A BRUTALIDADE CRUEL EQUIPARADA



Naquele tempo, época do cangaço, a força, a brutalidade empregada nas vítimas muito das vezes tinha outro significado além de só maltratar.

Sabedores do que ocorreu com outra pessoa na região em que moravam, as pessoas temiam e só havia duas saídas, ou iriam embora, aí era bastante difícil devido as condições financeiras, transportes e etc., restava então permanecerem e acatarem o que fosse determinado pelos cangaceiros ou volantes, as vezes espontaneamente e, na maioria, debaixo de cacete.

No início do cangaço lampiônico os governadores dos Estados da Região Nordeste por onde agiam tentaram, e muito, acabarem com aquela bandidagem rural. Eram muitos os grupos que agiam em diferentes regiões, municípios e estados. Havia em torno de 42 grupos, ou mais, além do comandado por Virgolino entre os anos de 1922 há 1927/28 nos sertões de Pernambuco, Alagoas, Paraíba e Ceará.

Soldados foram enviados das capitais dos Estados com a missão de combaterem os bandos criminosos. Para começar, um soldado formado dentro de um Quartel na Zona da Mata, Agreste ou mesmo nas Capitais, jamais saberiam como movimentarem-se dentro da Mata Branca em busca de bandoleiros. A própria caatinga tornava-se sua maior inimiga, pois, quem não a conhece, não a respeita, e não a respeitando era morte na certa por fome e sede.

Na continuação dos dias, meses e anos sem ocorrer o resultado esperado, os governos resolveram colocar homens da mesma estirpe, coragem e que foram forjados pelo mesmo clima, brutalidade e rigidez que eram os cangaceiros. Homens sertanejos que sabiam moverem-se tão bem quanto os cangaceiros, pois conheciam suas veredas, sua fauna e flora, a utilizando como sobrevivência. Outra coisa a mudar foi à vestimenta das tropas. Principalmente os calçados. Pés de soldados dentro de coturnos de couro sem ventilação causaram muitas baixas nas fileiras. Cangaceiros usavam alpercatas “Xô – Boi”, as quais foram também usadas pelos volantes a partir do momento em que foram contratados homens sertanejos.

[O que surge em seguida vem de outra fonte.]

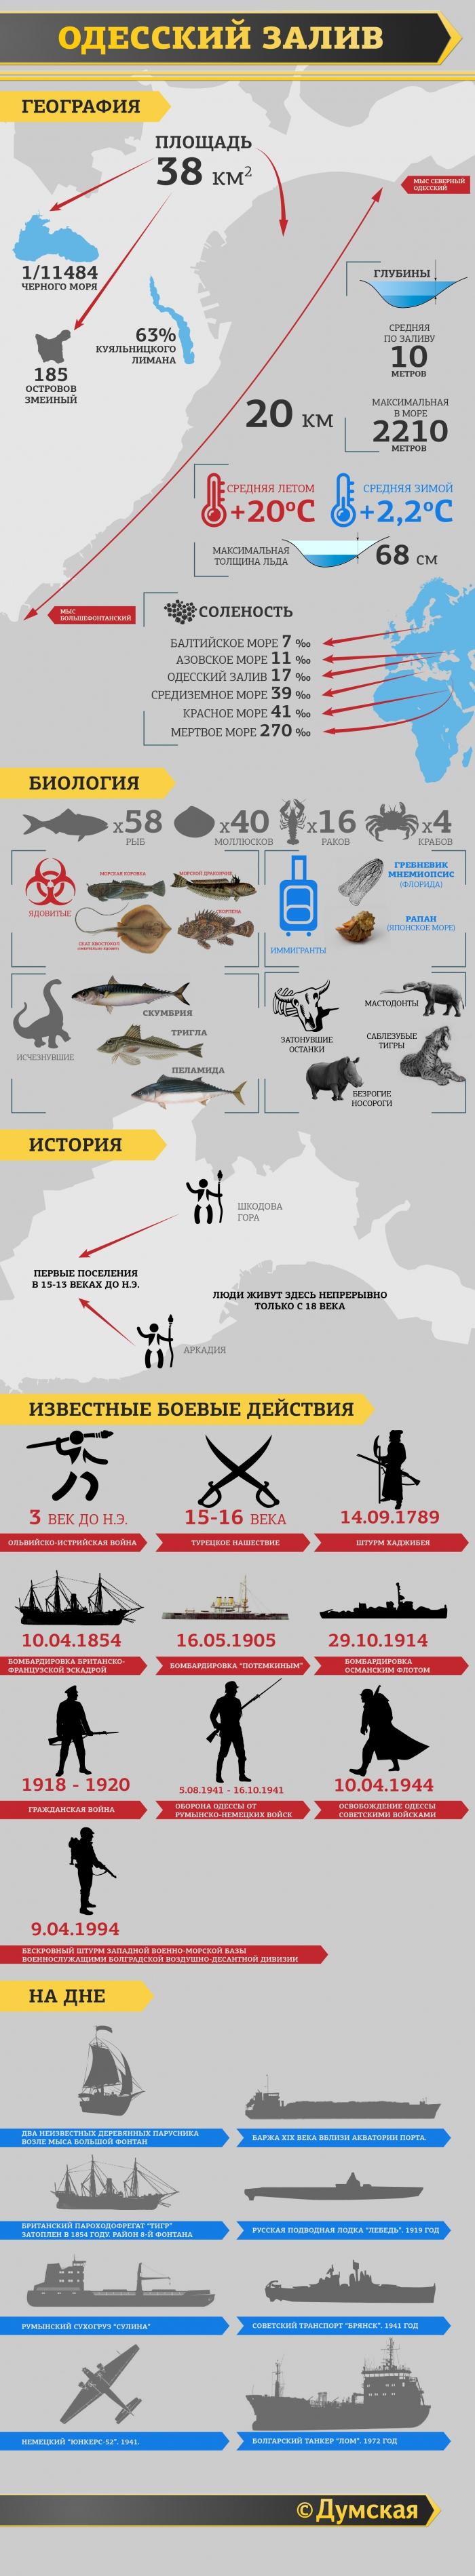 http://dumskaya.net/pics/a3/picturepicture_37454239156934_96203.jpg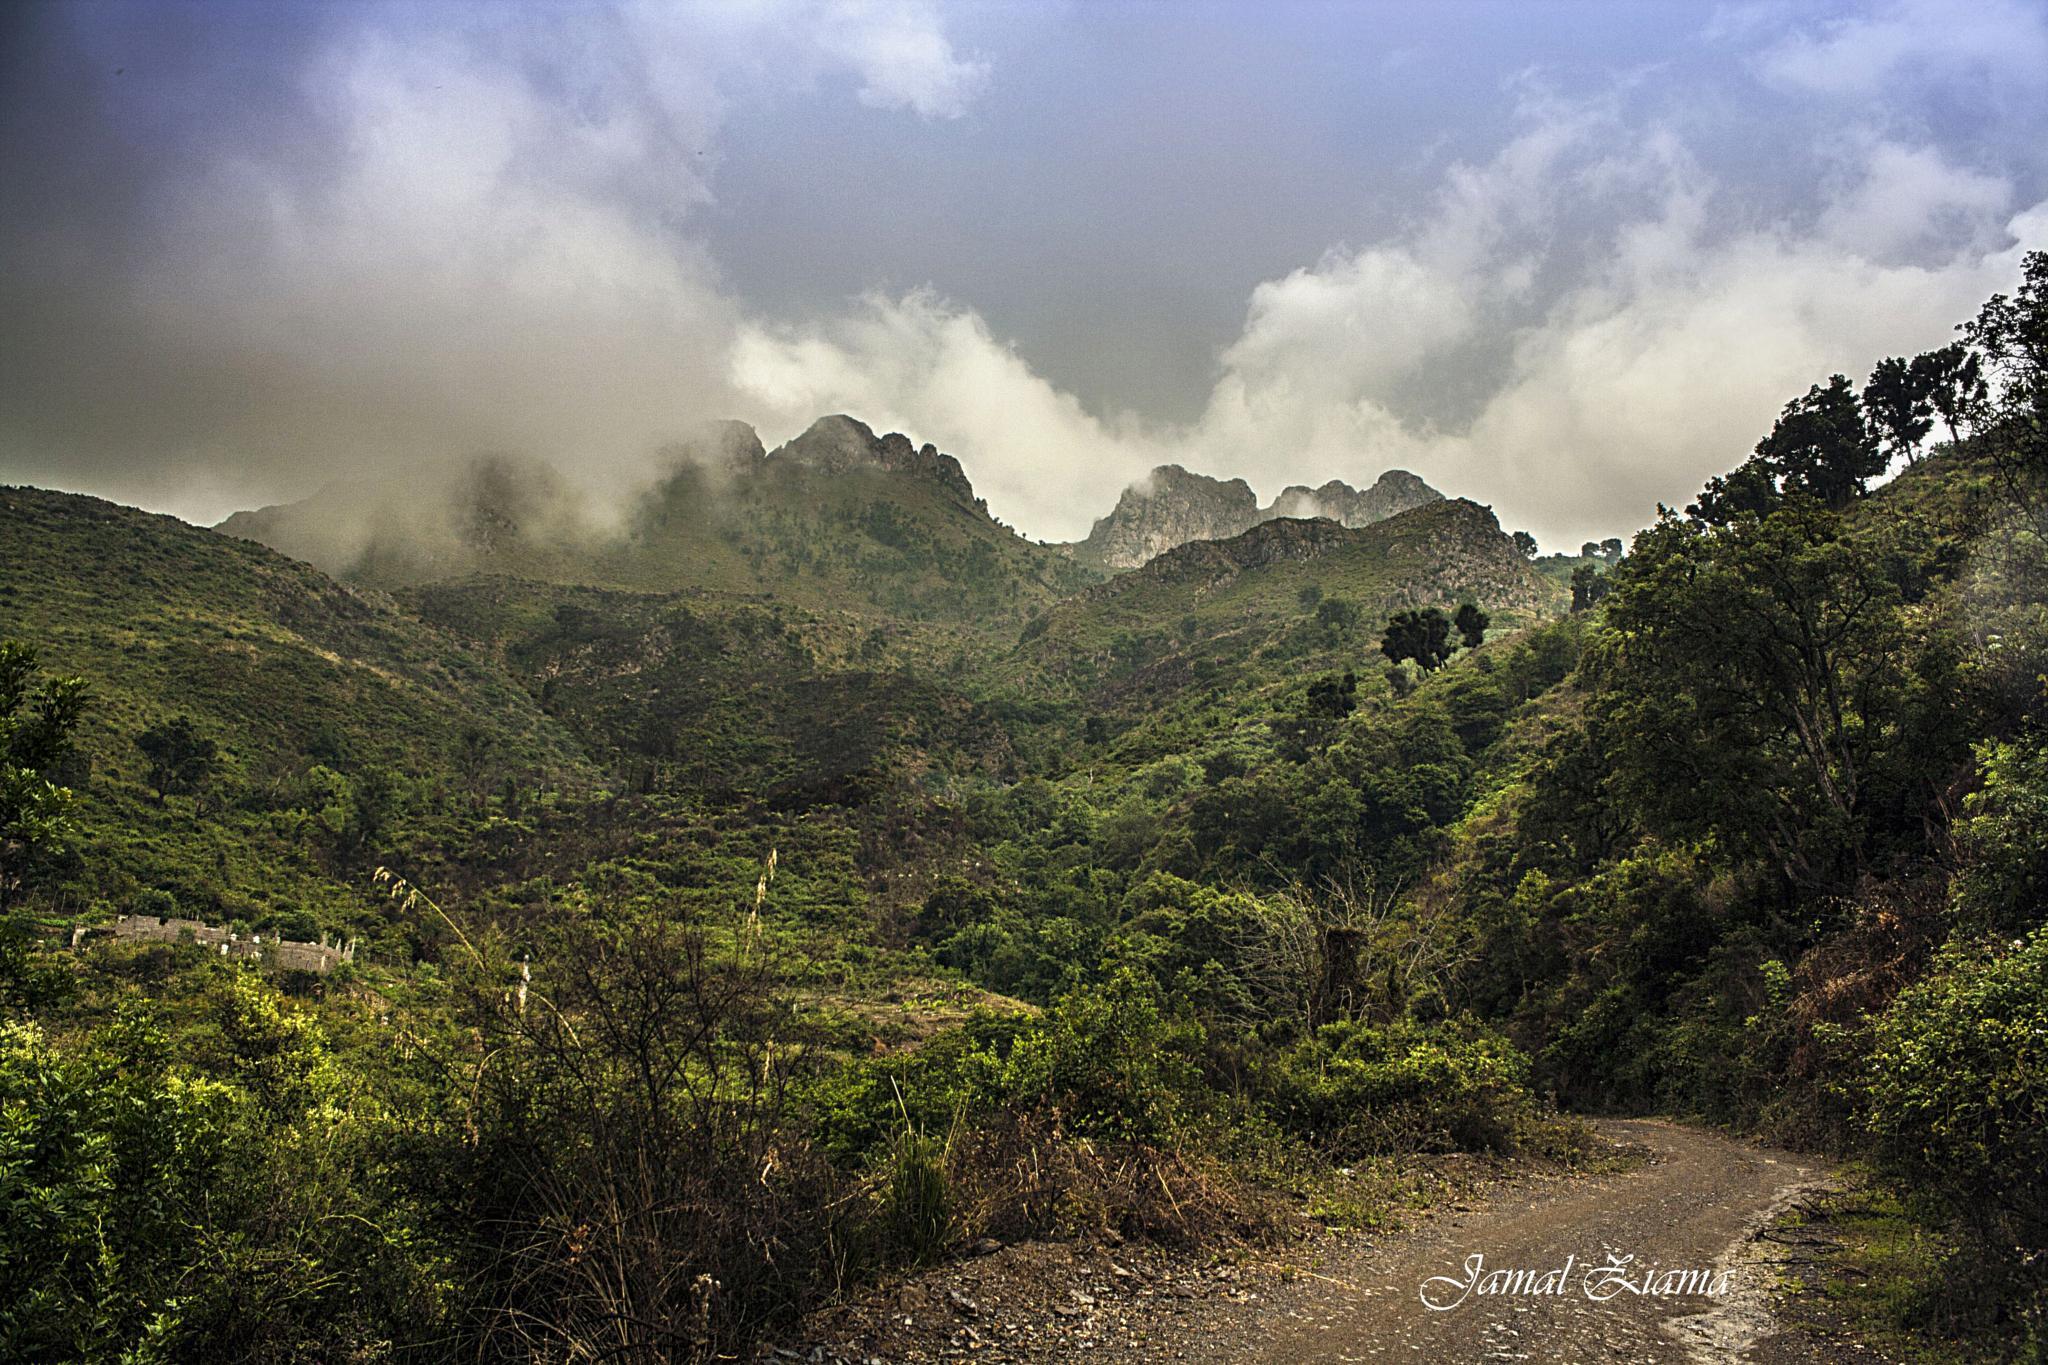 Mountain Road  by jamalziama

Pois bem. Tanto nas fileiras do cangaço quanto nas fileiras das volantes que existiram homens malvados, cruéis, vingativos e sanguinários. Alguns que correram para o cangaço, fizeram em busca de sobreviverem, se vingarem ou mesmo atrás de aventuras, cobre, suor e sangue pela sua índole. Esses mesmos conceitos são vistos naqueles que participaram do fenômeno vestindo a farda da segurança de algum estado. Aí a coisa engrossava mais devido ter a “proteção”, serem acobertados por a mesma. Vaqueiros, camponeses, agricultores, moradores, tangerinos e outros foram todos suspeitos de serem colaboradores de cangaceiros. Assim sendo, a “macaca” desceu em seus lombos sem dó nem piedade. Às vezes, debaixo de muito cacete o cabra dizia o que sabia, às vezes, não havia como dizer, pois não eram colaboradores dos cangaceiros.

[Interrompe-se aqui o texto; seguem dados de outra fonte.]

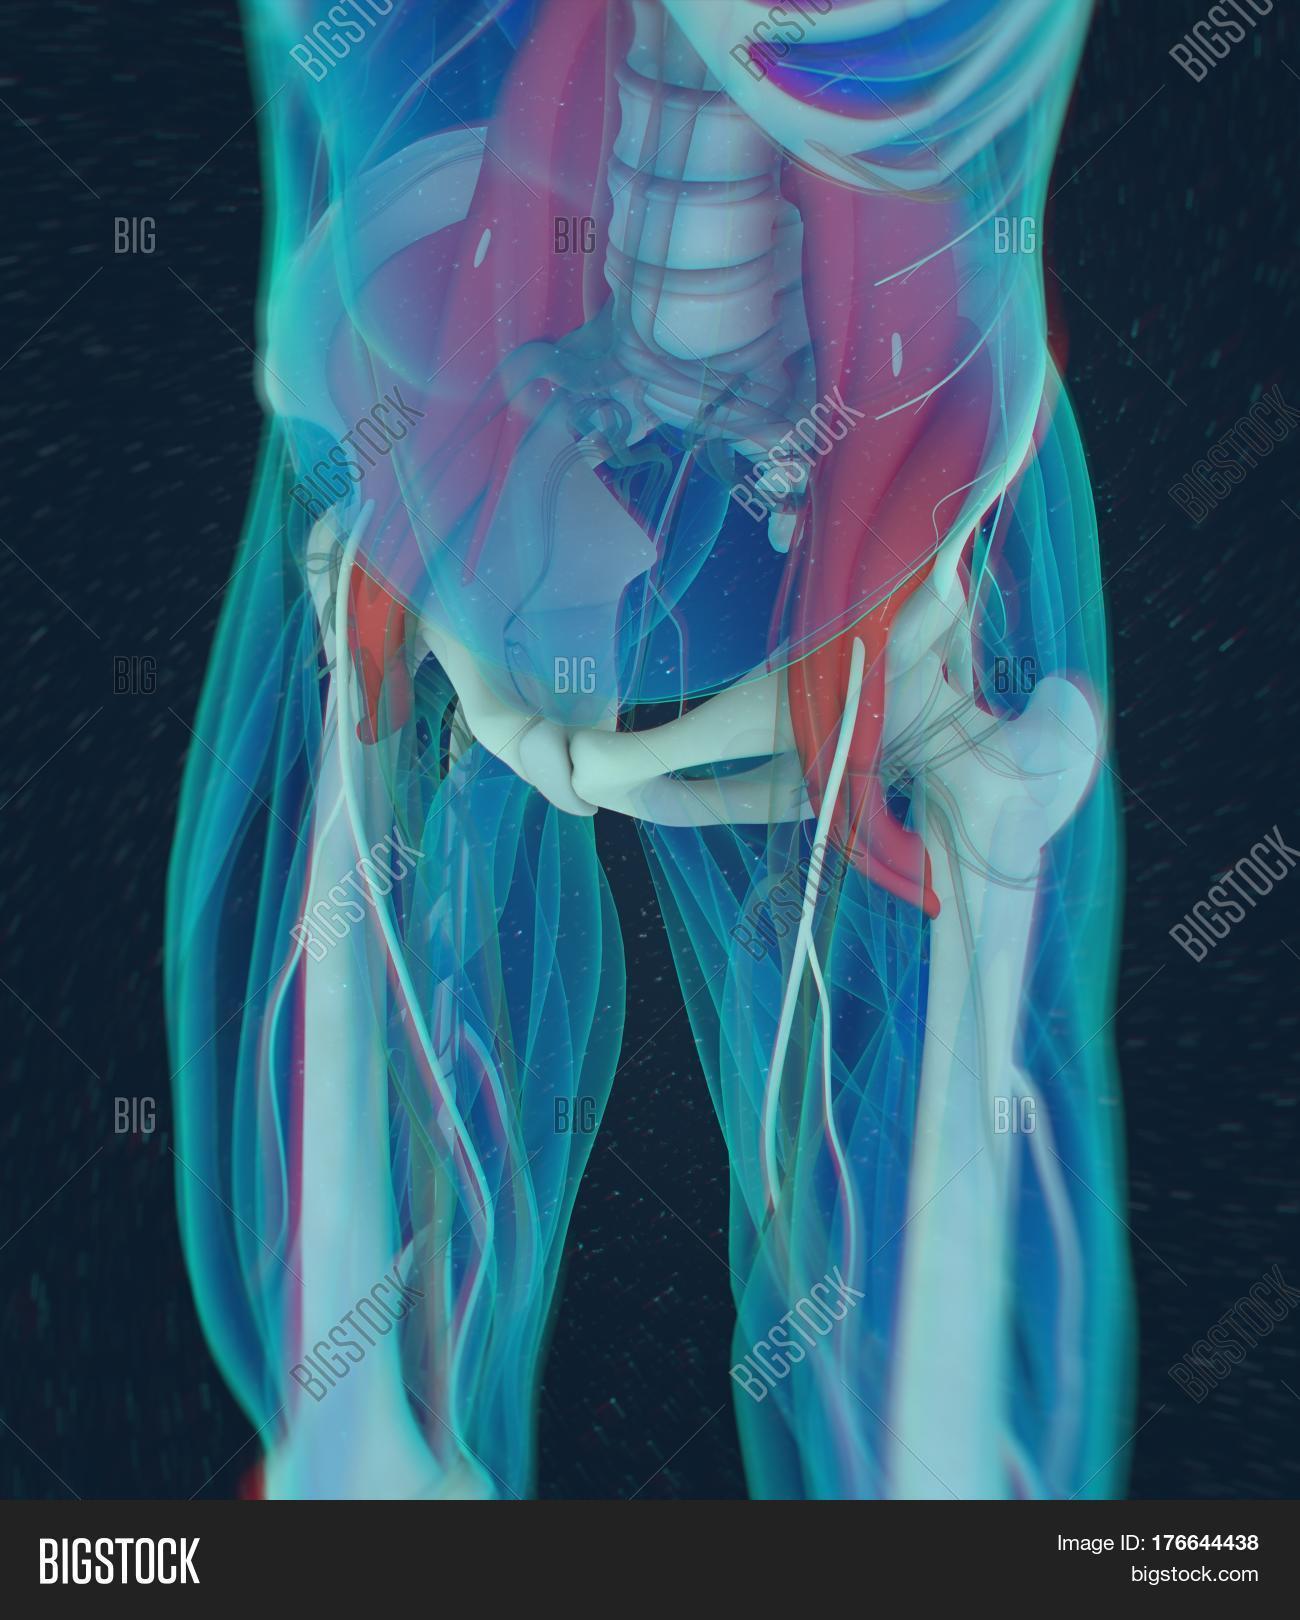 Human Anatomy, Psoas Image & Photo (Free Trial) | Bigstock

Abaixo veremos mais um espetacular trabalho em vídeo do pesquisador Aderbal Nogueira sobre a vida dos cangaceiros e volantes durante a longa guerrilha nos rincões sertanejos. Desta feita ele tem a participação da jornalista Vânia Galceran que faz a entrevista com o ex-tenente Pompeu Aristides de Moura. Ele é tido como aquele que matou o cangaceiro Moderno, Virgínio, cunhado de Lampião.

A história da adesão de Pompeu a Força Pública de Pernambuco é bastante interessante. Antes de entrar para a volante, Pompeu, vendo e estando presente em uma das tantas passagens dos cangaceiros onde morava, pediu para fazer parte do bando, ou seja, ser também um cangaceiro. Segundo o próprio, não foi aceito pela estatura e idade, coisa que para a Força não foi problema. Moura relata que naquele tempo não havia outra opção a não ser, ser cangaceiro ou volante como meio de sobrevivência.

Os Estados se acomodaram totalmente com suas obrigações sociais e a população interiorana vivia num verdadeiro caos.

Na entrevista veremos a jornalista fazer perguntas duras, diretas, porém, lógicas e sensatas. Também veremos respostas corretas, diretas e, algumas com saídas escorregadias, pois ninguém se alto incrimina.

https://www.youtube.com/watch?v=QanqF2Npv3A&feature=youtu.be&fbclid=I

TENENTE POMPEU ARISTIDES DE MOURA

https://www.facebook.com/groups/lampiaocangacoenordeste/permalink/1022205957988348/

http://blogdomendesemendes.blogspot.com

Um comentário:

  1. Um interessante relato histórico sobre o Cangaço.
    Parabéns pela postagem!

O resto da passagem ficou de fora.